PIE e/o Ablaut

Richard M. Alderson III alderson at netcom.com
Tue Mar 28 02:26:54 UTC 2000


On Thu, 16 Mar 2000, Patrick C. Ryan (proto-language at email.msn.com) wrote:

> Well, let us be a bit more precise. Old Indian [a]+[y] does *not* become /e/
> rather it becomes /e:/; O. I. [a] + [w] does *not* become /o/ rather it
> becomes /o:/. Careful notation distinguishes between long and short vowels
> although, in theory, I suppose there is no problem writing [o] so long as
> everyone knows that this indicates a long vowel /o:/.

Let's be careful with notations here:  [] indicate *phonetic* claims, while //
indicate *phonemic* claims.  It is  /ay/ that becomes /e:/, not [ay] or [ai];
mutatis mutandis, the same holds for the relationship between /aw/ and /o:/.

> I believe that in the earliest Indian, /e:/ must have, at least transitorily,
> have been pronounced like English /ey/ (Trager-Smith), and /o:/ like English
> /ow/ (T-S); and the early Indian grammarians clearly treat these sounds as
> diphthongal.

Indic *a = /a/ is phonetically [@], by which I mean a mid-central unrounded
vowel, not a reduced vowel.  This is often written in (American) phonology
texts with the inverted lowercase <v> symbol (cf. Laduslaw & Pullum, _Phonetic
Symbol Guide_, 2nd edition).  The sound of the collocations [@i] and [@u] are
familiar to those who have heard Canadian speakers from southern Ontario or
US speakers from the Tidewater region of Virginia, and their transition to
[e:] and [o:] is a simple matter of coloring of [@] and lowering of [i]/[u] by
the processes well-described by Patricia Stampe in papers published in the Ohio
State Working Papers in Linguistics in the mid-1970s.  There is no need for
them *ever* to have been [ei] and [ou]--though that is not ruled out.

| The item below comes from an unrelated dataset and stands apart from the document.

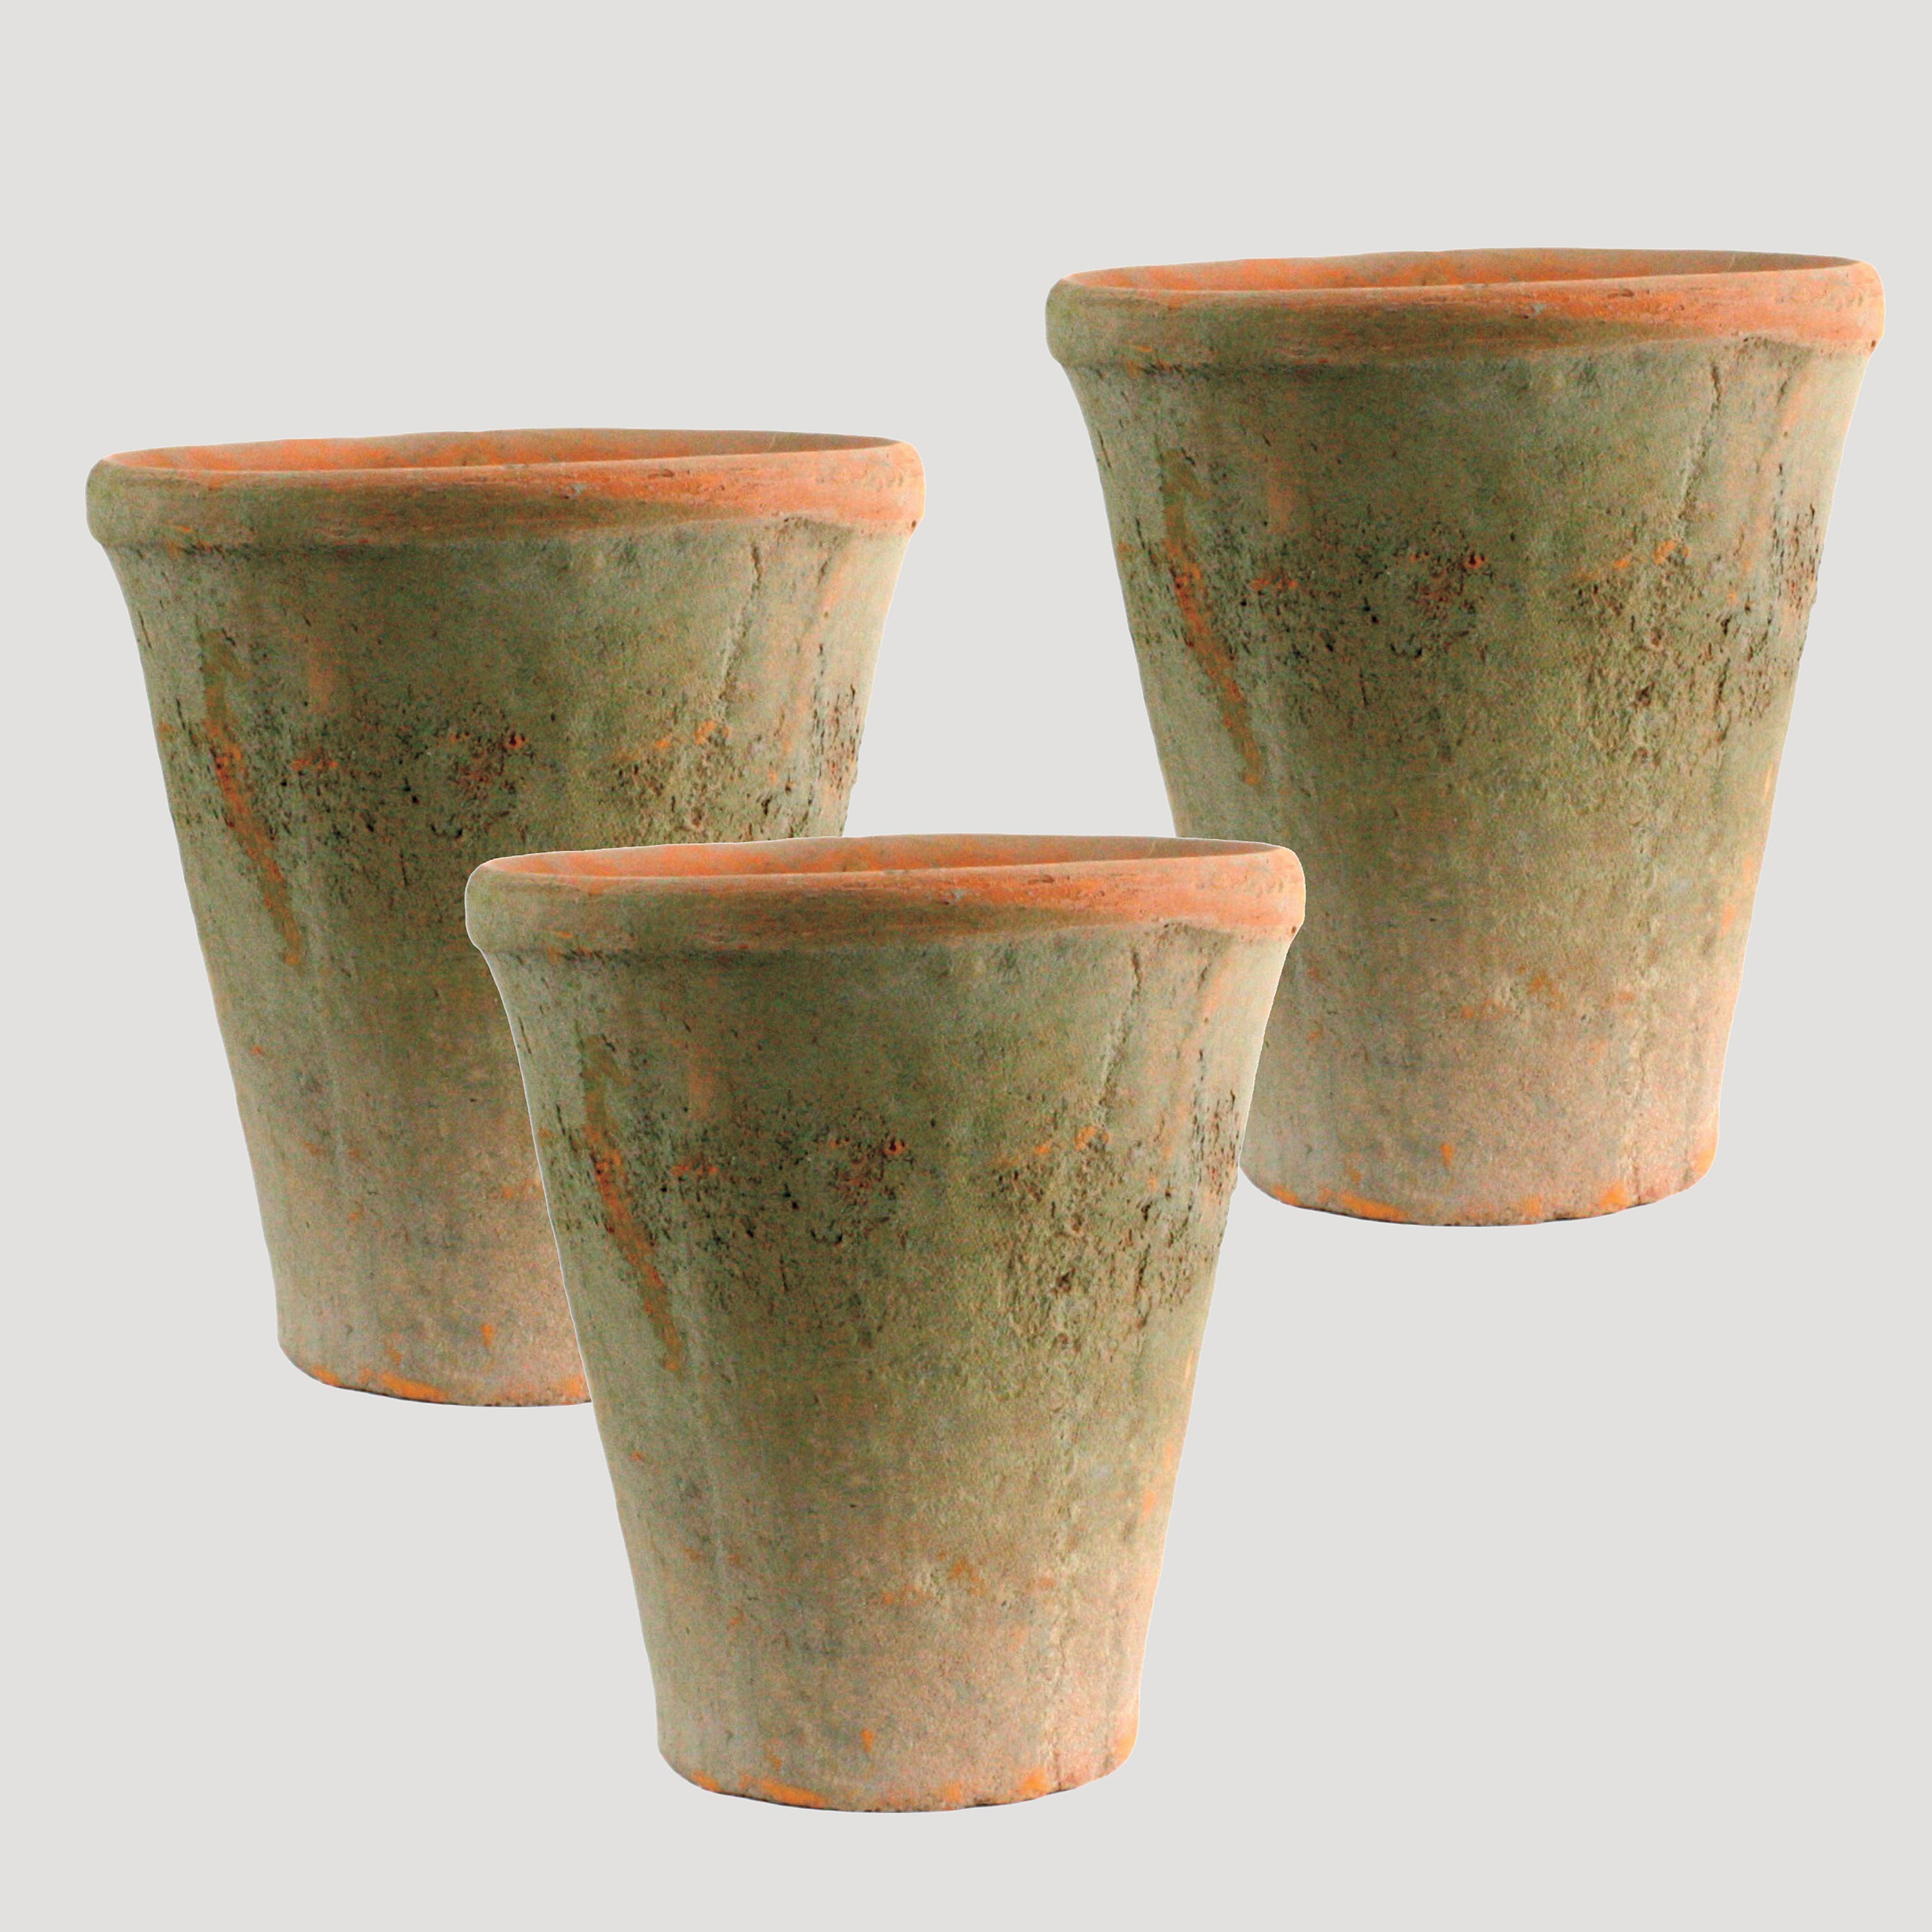 Handcrafted Rustic Terracotta Planters, Set of 3

> I think it is obvious that /e/ is an allophone of /a/ in an environment
> preceding /j/ and /o/ is an allophone of /a/ in an environment preceding /w/;

Impossible, if you truly mean the notation you are using.  I think you mean
that [e] and [o] are allophones of /a/, but by the time we are speaking of
Indic, those relationships simply do not exist in the sense you intend.

> Regardless of its acceptance, I find it very strange. Pre- means 'before'; if
> a form occurred *before* PIE came into existence, then it is non-PIE. If it
> is non-PIE, why not call it something else --- like Nostratic?

Because that makes claims about relationships which are not recoverable via the
method in question, internal reconstruction.  And the usual collocation is
"pre-IE" rather than "pre-PIE", though the latter is not really a solecism.  If
the results obtained by means of internal reconstruction can be correlated with
the results of Nostratic-level comparative reconstruction, we then have the
Nostratic equivalent of Kuryl~owicz's affirmation of the Saussurean _coe'ffi-
cients sonantiques_ in Indo-European, and Indo-Europeanists would have to then
reconsider very strongly their opposition to some version of Nostratic.